Danelec is well known in the industry for designing, developing and manufacturing products which are solid, safe and simple, but also for being a forward thinker. Tototheo is a long term partner of Danelec, providing Danelec products and services through its experienced and certified engineers. The two companies work closely also in the area of onboard data collection and management.
“Our team in Piraeus is fully prepared to handle Danelec product inquiries, service requests and support of Danelec products”, said Thanasis Lekkas, Head of Service at Tototheo Maritime. “In our premises we keep stock of essential products readily available for immediate delivery and installation by our certified engineers. In addition, we can offer hands-on training as well as pre and after sales support to our customers”, he concluded.
Tototheo and Danelec share a vision of a connected maritime ecosystem with people at its heart and data enabling it. Whether we consider crew welfare, compliance, efficiency, optimization or sustainability, the rapidly changing environment dictates quick, precise and well-informed decisions based on correct and timely information streams. The integration of DanelecConnect with Tototheo’s solution portfolio is a dynamic approach to the digitalization needs of our industry.

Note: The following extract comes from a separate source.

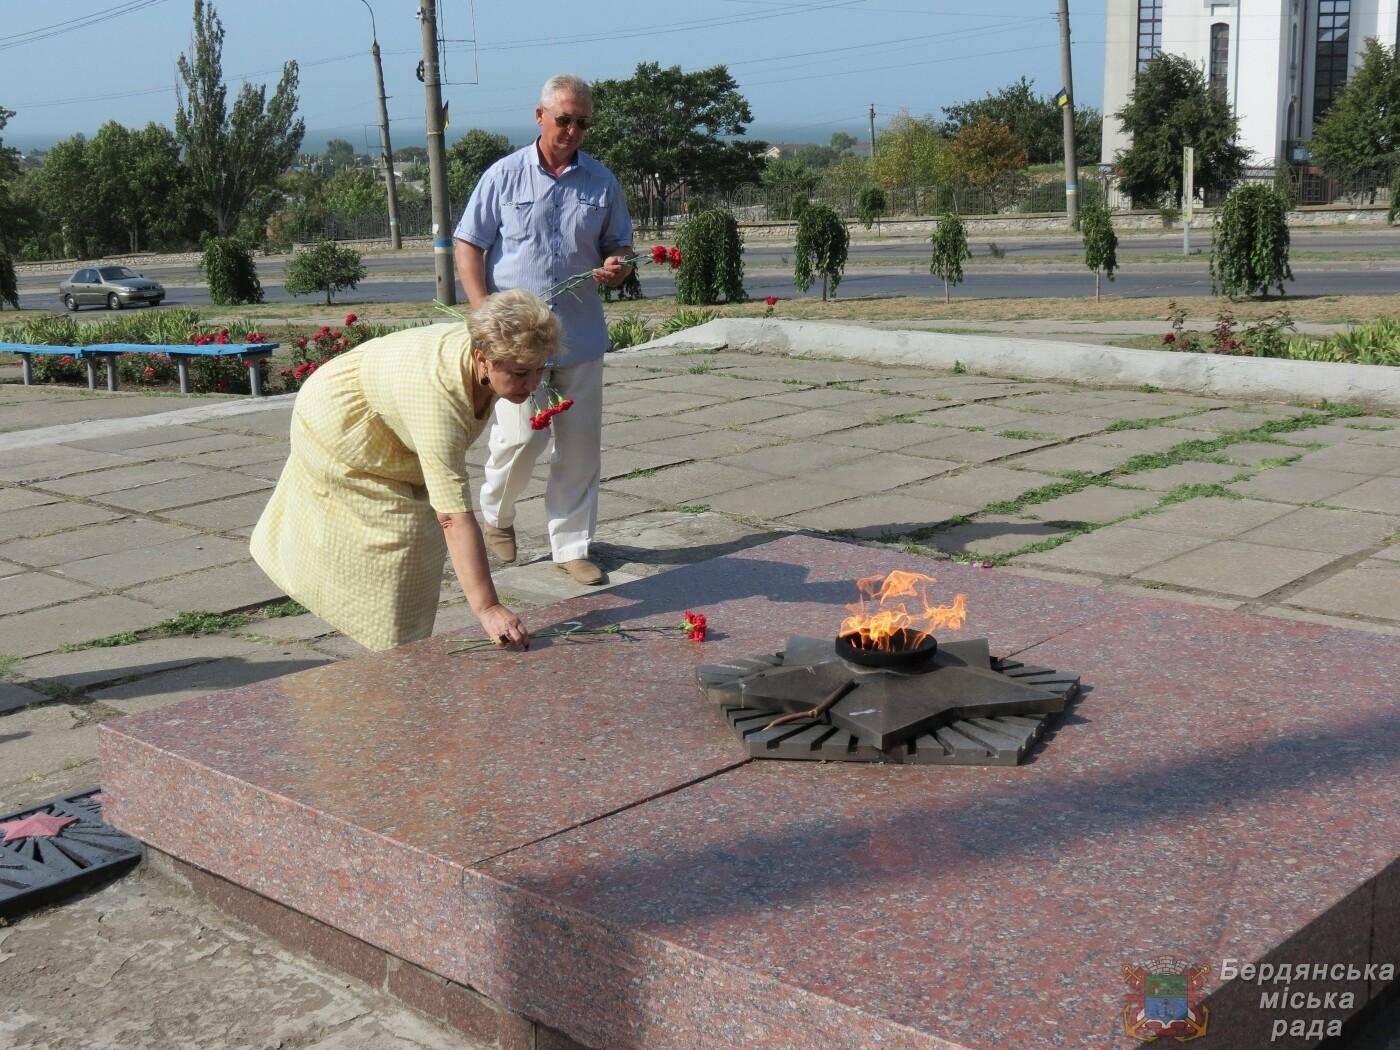 В Бердянске прошло возложение цветов к 75-й годовщине окончания Второй мировой войны, фото-2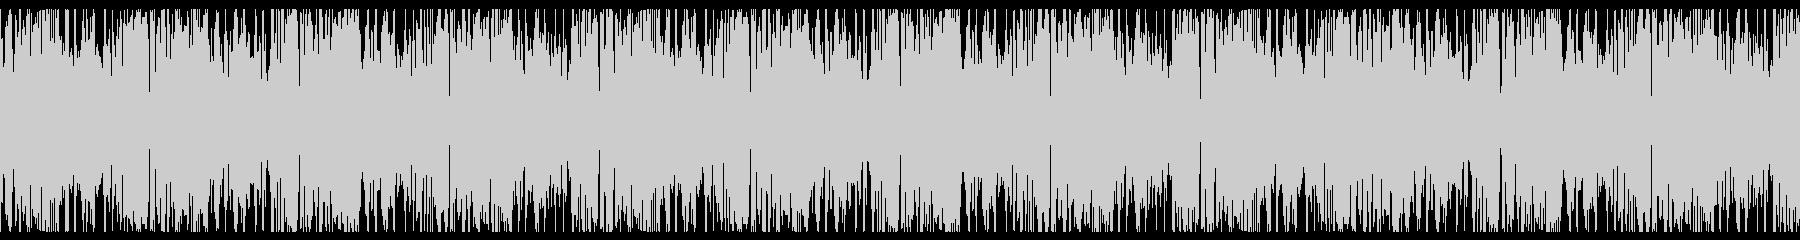 ハードなかっこいいEDM系の未再生の波形

Christian Kock, Chief Commercial Officer at Danelec Marine said: “At Danelec we carefully select our partners, cooperating with organisations who have the same values as us, who are agile and look to the future with optimism and transparency. We have built a relationship of mutual trust with Tototheo and we are confident this partnership will grow even more.”
Tototheo Maritime specializes in innovative, efficient and functional solutions in the fields of digitalization, satellite and radio communication, automation and navigation systems. Headquartered in Cyprus and we have our own office in Greece and partner offices in Dubai and Singapore. Our vast experience in the maritime sector provides us with the unique advantage of in depth understanding of our customers’ needs combined with our dynamic approach towards innovative technologies, thus allowing our clients to generate more value out of their daily operations.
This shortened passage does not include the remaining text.